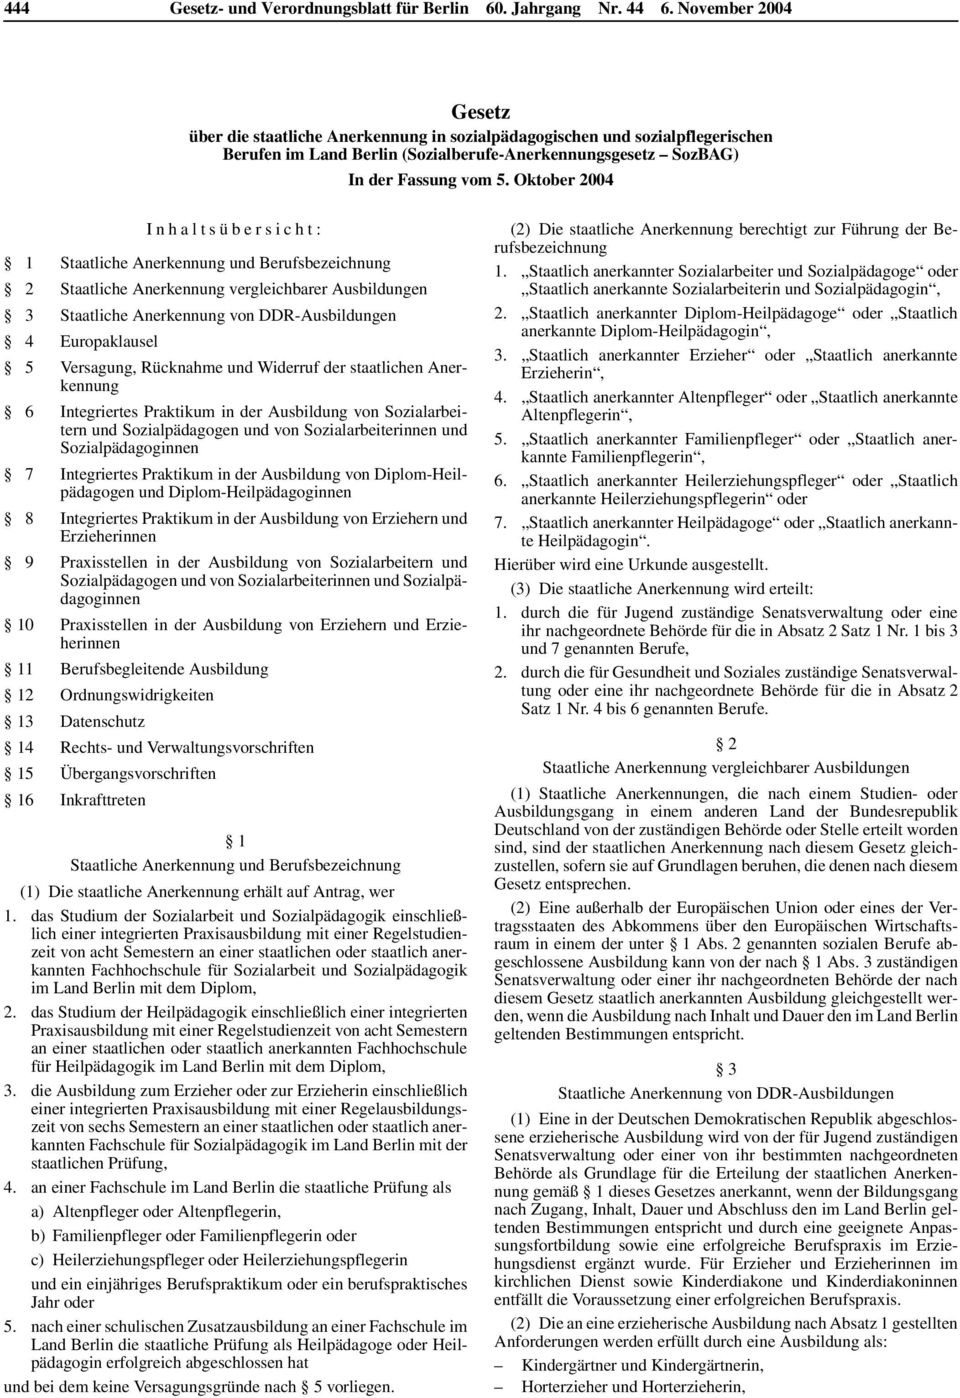 Oktober 2004 Inhaltsübersicht: 1 Staatliche Anerkennung und Berufsbezeichnung 2 Staatliche Anerkennung vergleichbarer Ausbildungen 3 Staatliche Anerkennung von DDR-Ausbildungen 4 Europaklausel 5
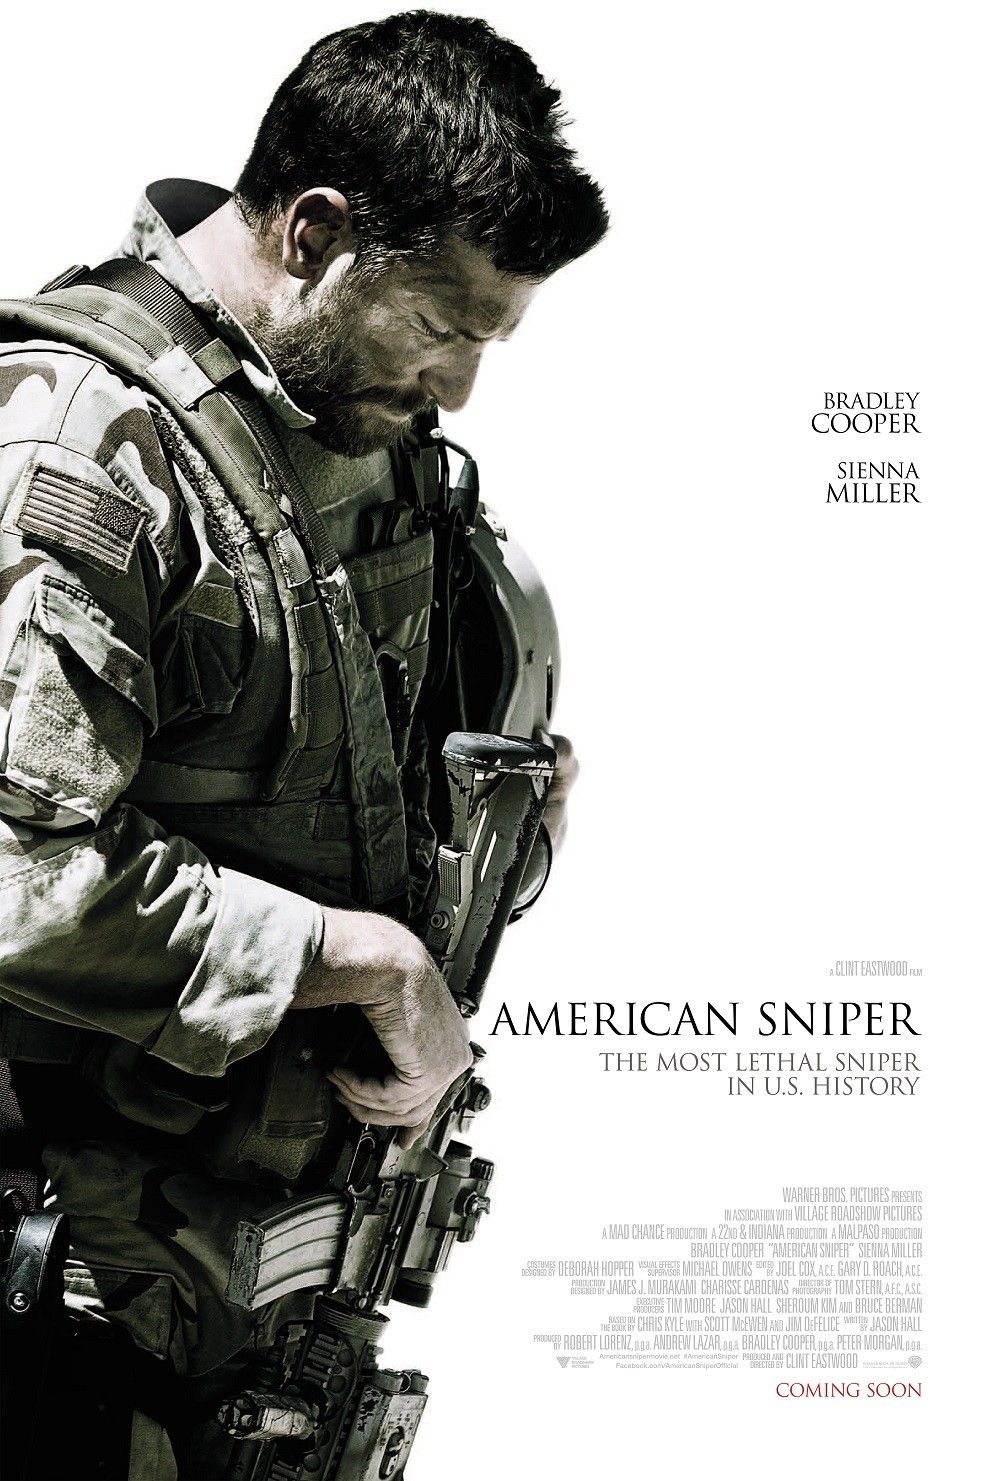 American Sniper Wallpapers
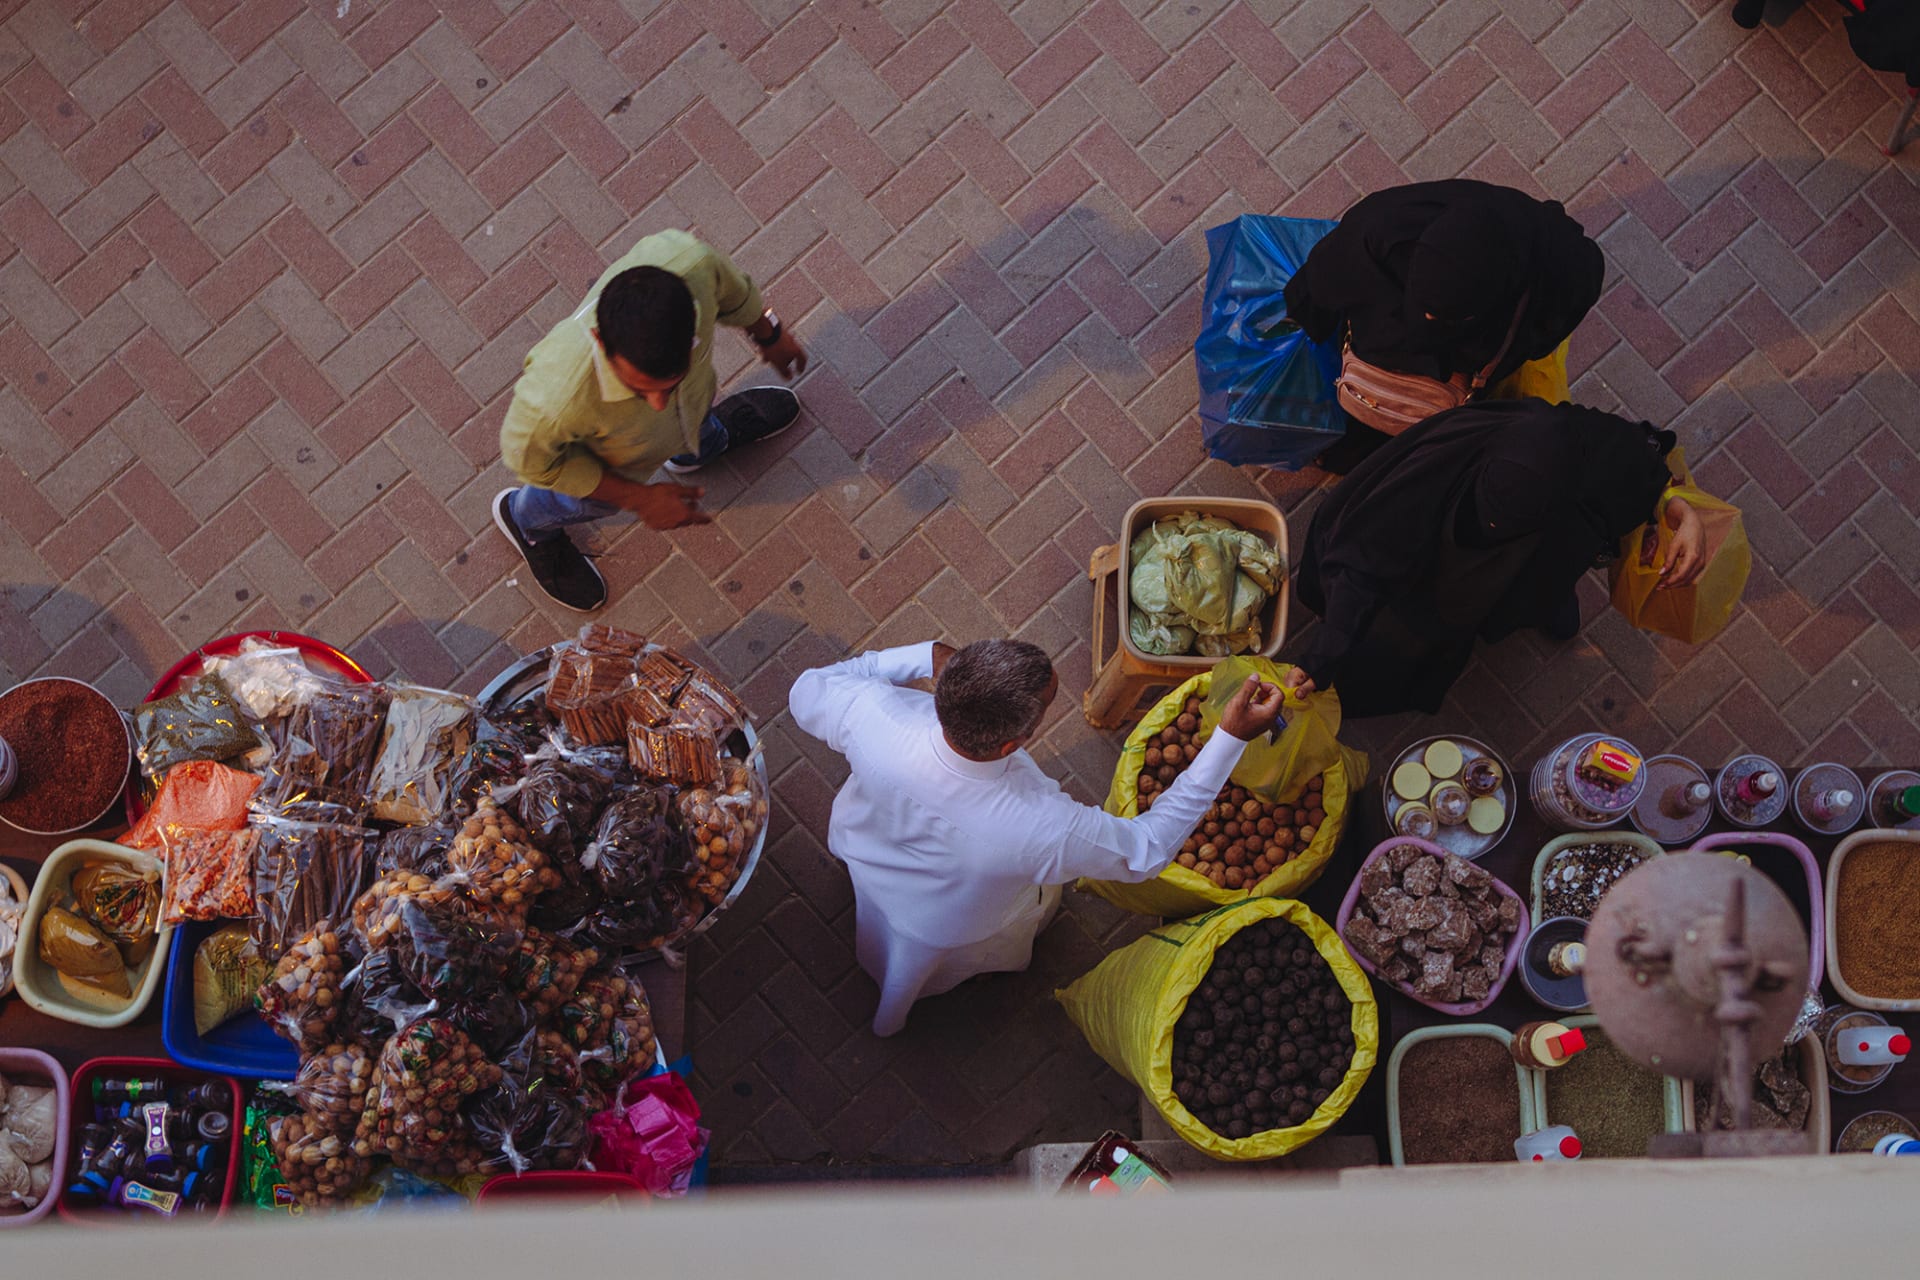 بالسعودية.. مصور يوثق أجواء رمضان بأحد أقدم أسواق الجزيرة العربية

| EXERCISE DIRECTIONS |
Restate the listing word for word, pictures omitted.

| ANSWER SECTION |
 Oktober 2004 Inhaltsübersicht: 1 Staatliche Anerkennung und Berufsbezeichnung 2 Staatliche Anerkennung vergleichbarer Ausbildungen 3 Staatliche Anerkennung von DDR-Ausbildungen 4 Europaklausel 5
 American Sniper Wallpapers
 بالسعودية.. مصور يوثق أجواء رمضان بأحد أقدم أسواق الجزيرة العربية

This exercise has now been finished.